··· SOURCE DATA

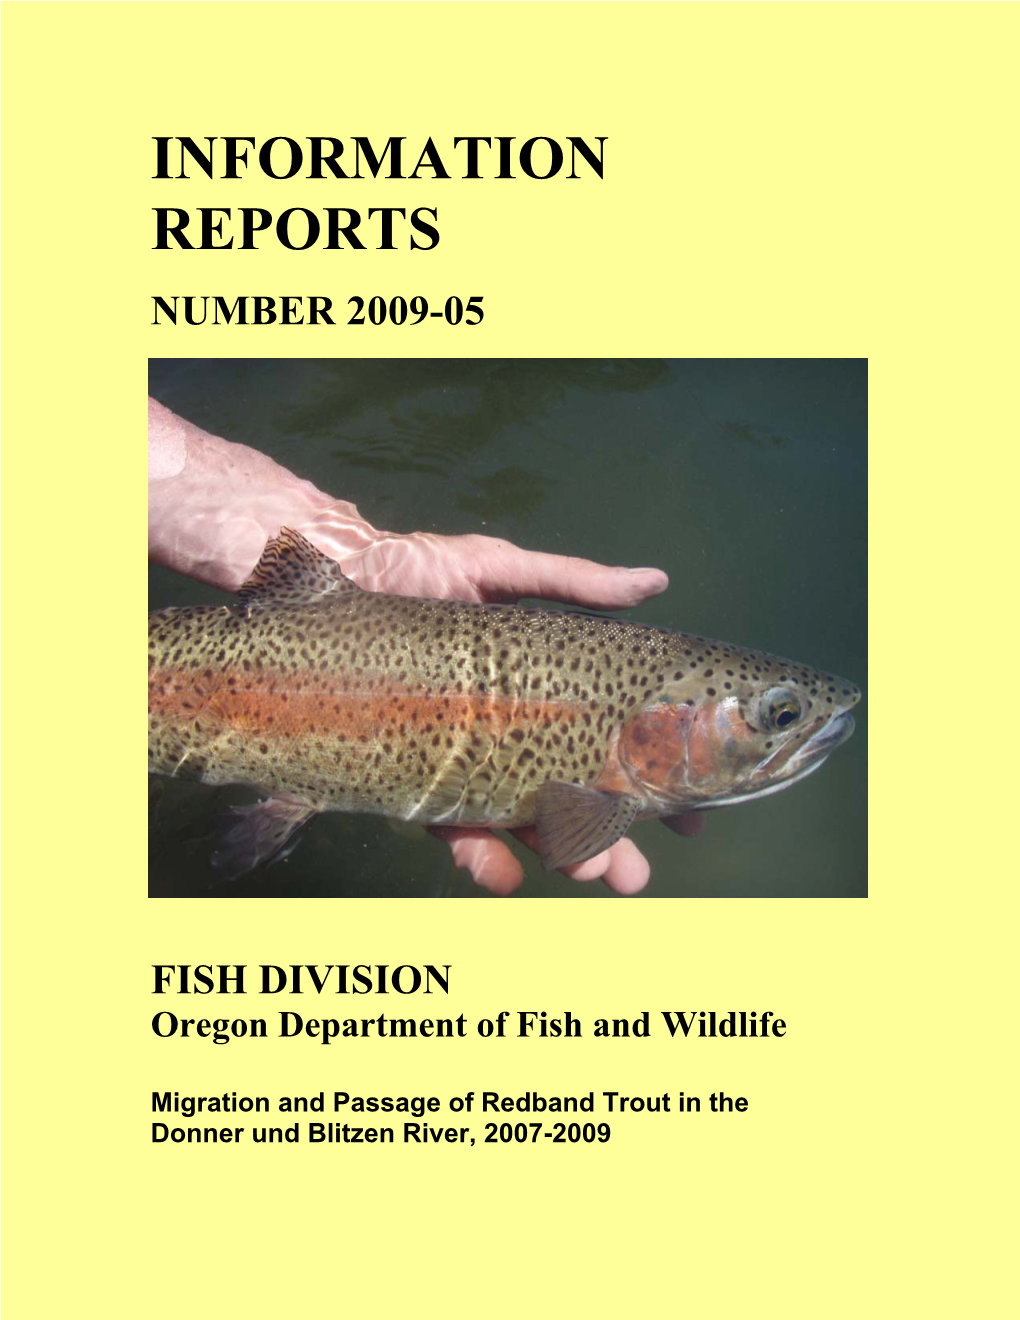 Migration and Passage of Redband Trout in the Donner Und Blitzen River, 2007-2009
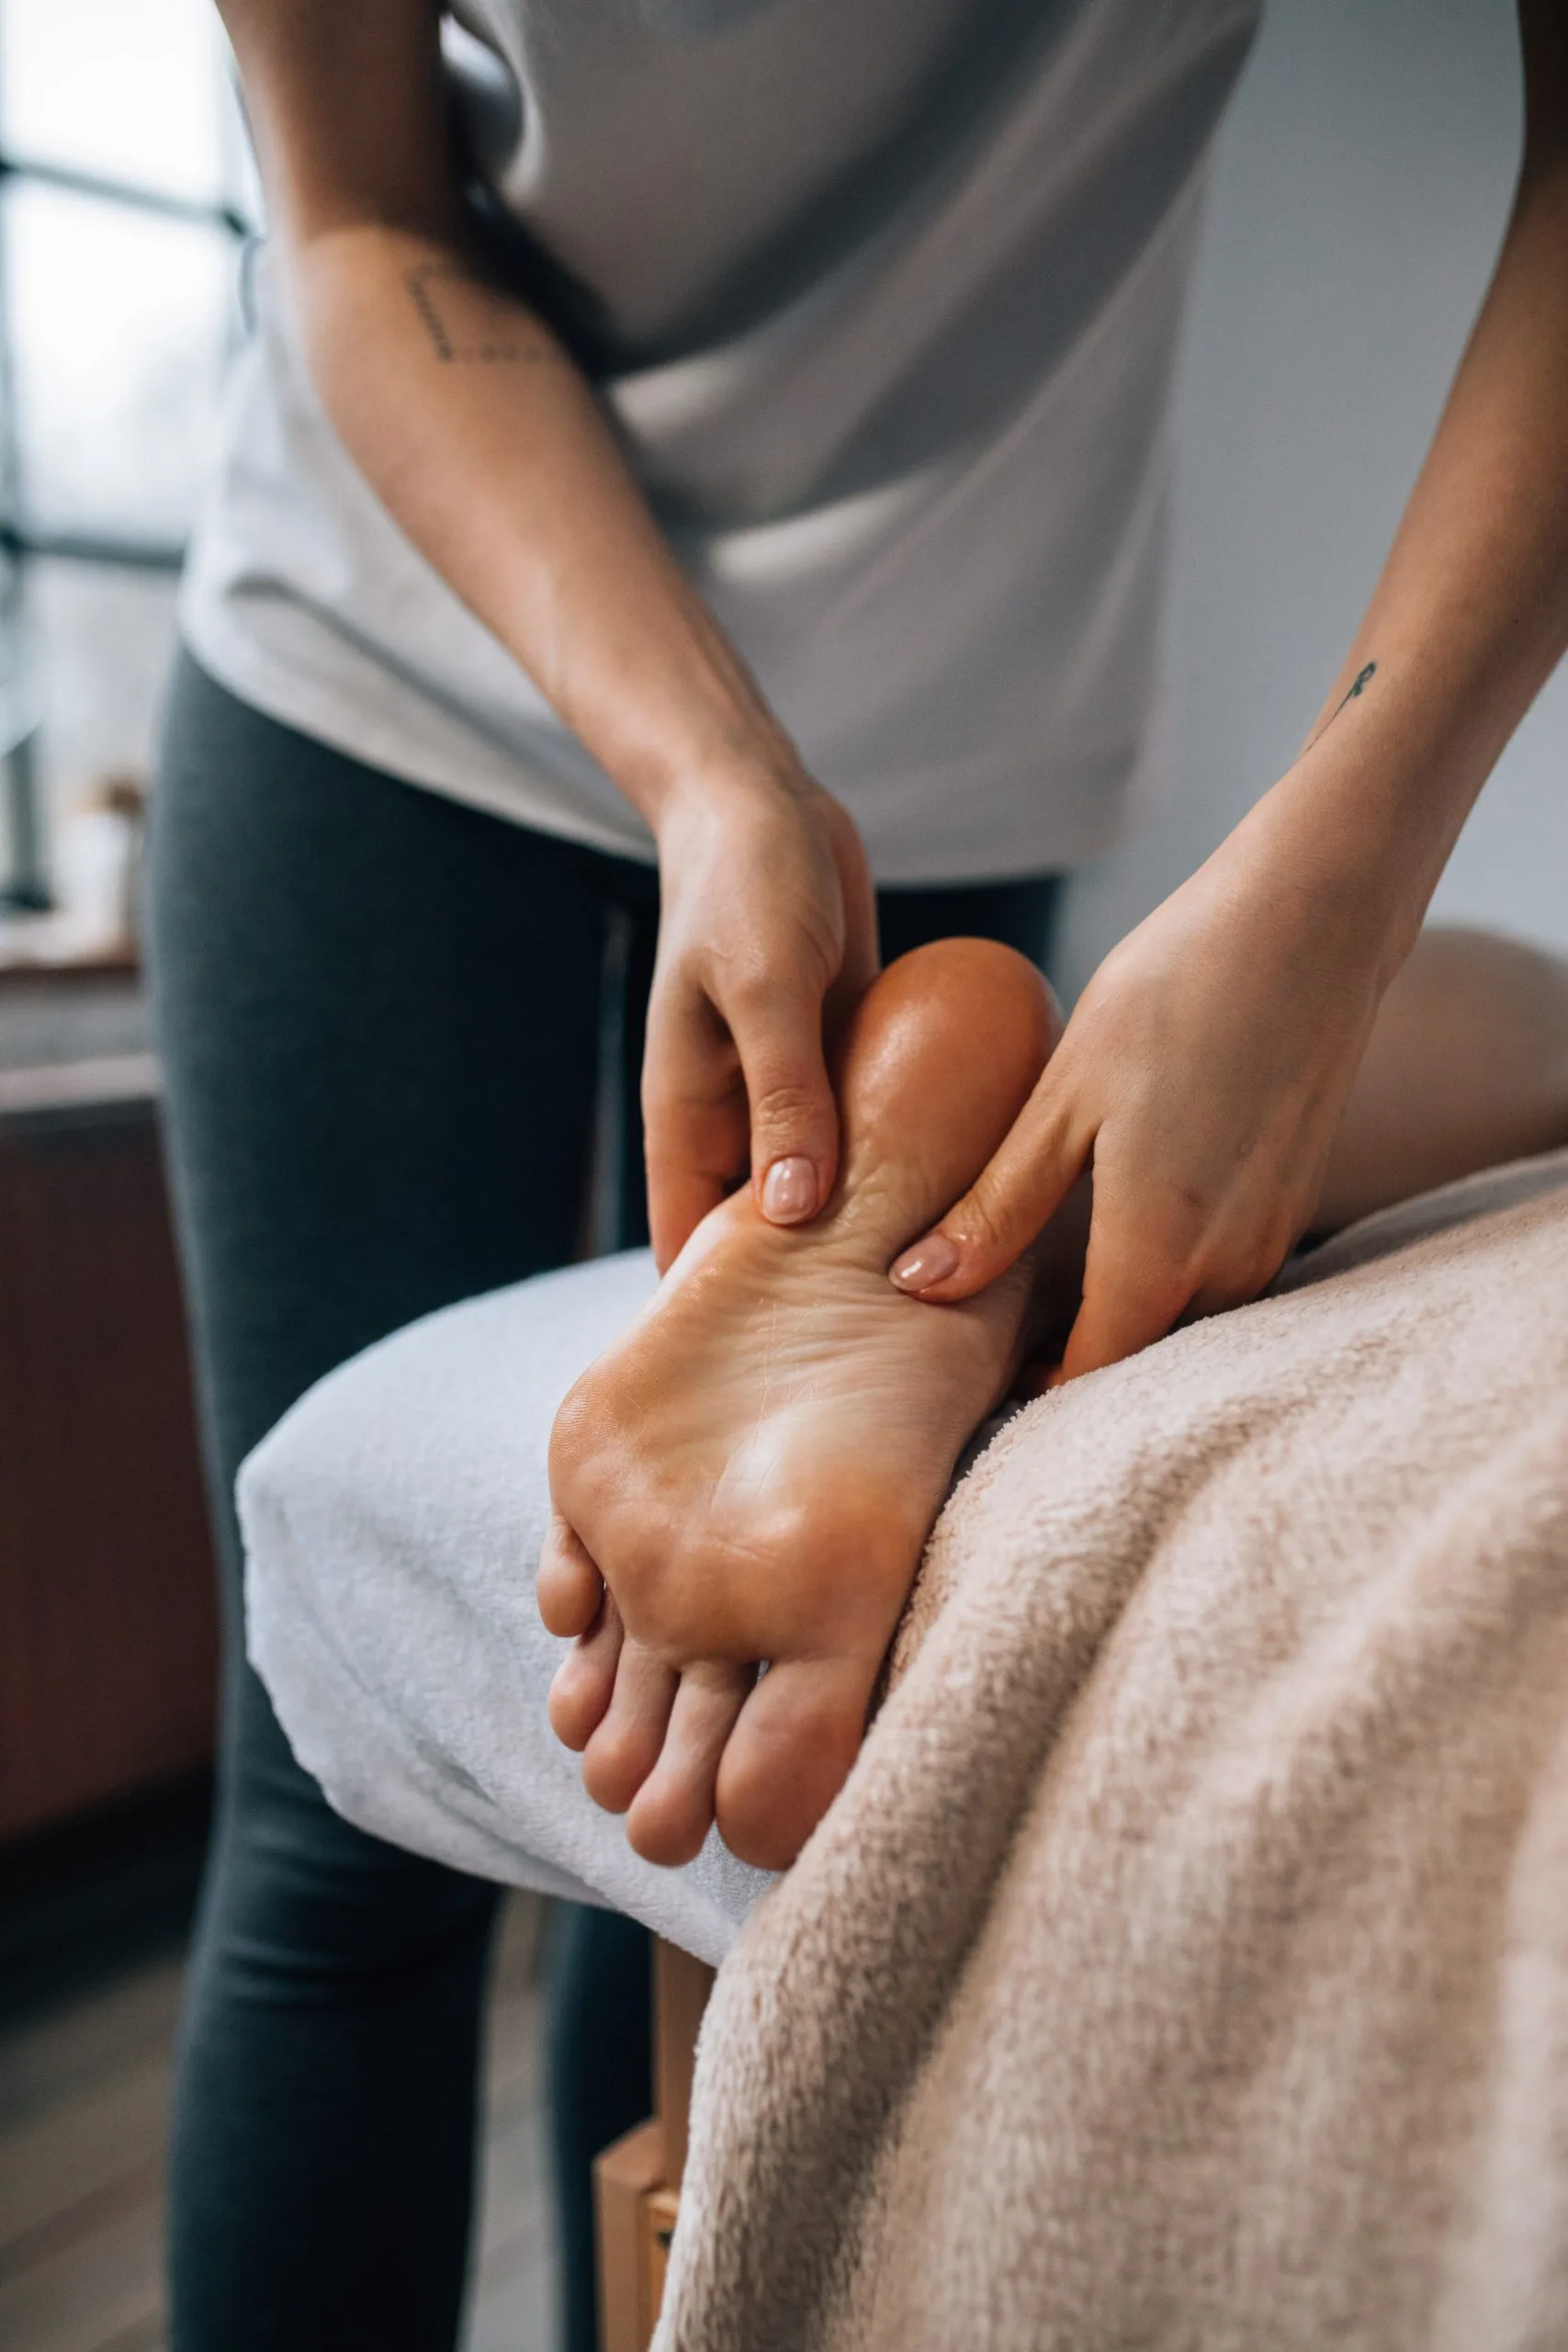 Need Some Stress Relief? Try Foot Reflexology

······
··· SOURCE DATA

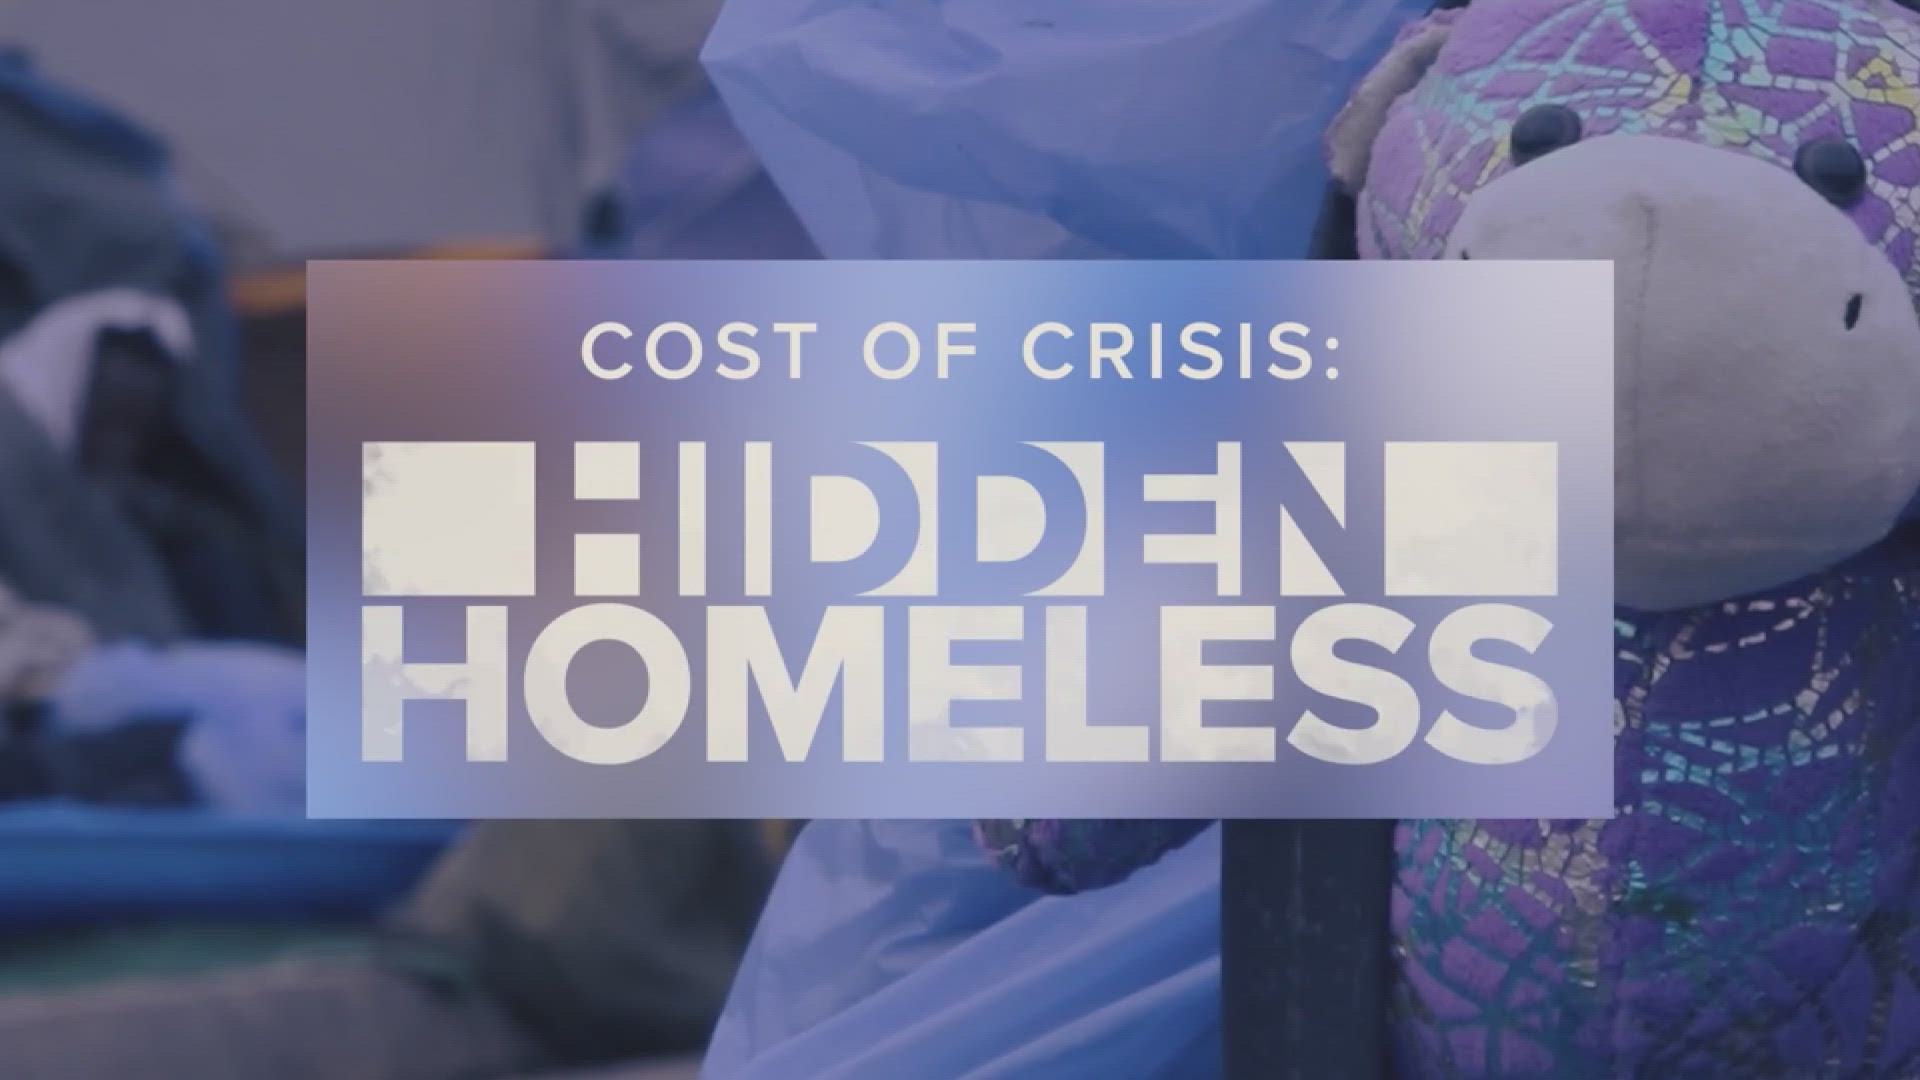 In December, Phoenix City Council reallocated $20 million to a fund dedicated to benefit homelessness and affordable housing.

······
··· SOURCE DATA

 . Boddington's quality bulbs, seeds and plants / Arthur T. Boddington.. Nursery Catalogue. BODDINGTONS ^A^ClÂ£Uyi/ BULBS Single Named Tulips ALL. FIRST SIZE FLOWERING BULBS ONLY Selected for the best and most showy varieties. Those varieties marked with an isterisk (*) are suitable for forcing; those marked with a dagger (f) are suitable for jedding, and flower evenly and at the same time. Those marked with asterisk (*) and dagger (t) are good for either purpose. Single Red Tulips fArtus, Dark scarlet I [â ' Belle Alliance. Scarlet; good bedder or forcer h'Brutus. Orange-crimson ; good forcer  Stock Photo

······

Return exactly the lines above, from the one with "Migration and Passage" up to and including the one with "Need Some Stress", and include no pictures.

- _RESPONSE TO THE TASK_
 Migration and Passage of Redband Trout in the Donner Und Blitzen River, 2007-2009
 Need Some Stress Relief? Try Foot Reflexology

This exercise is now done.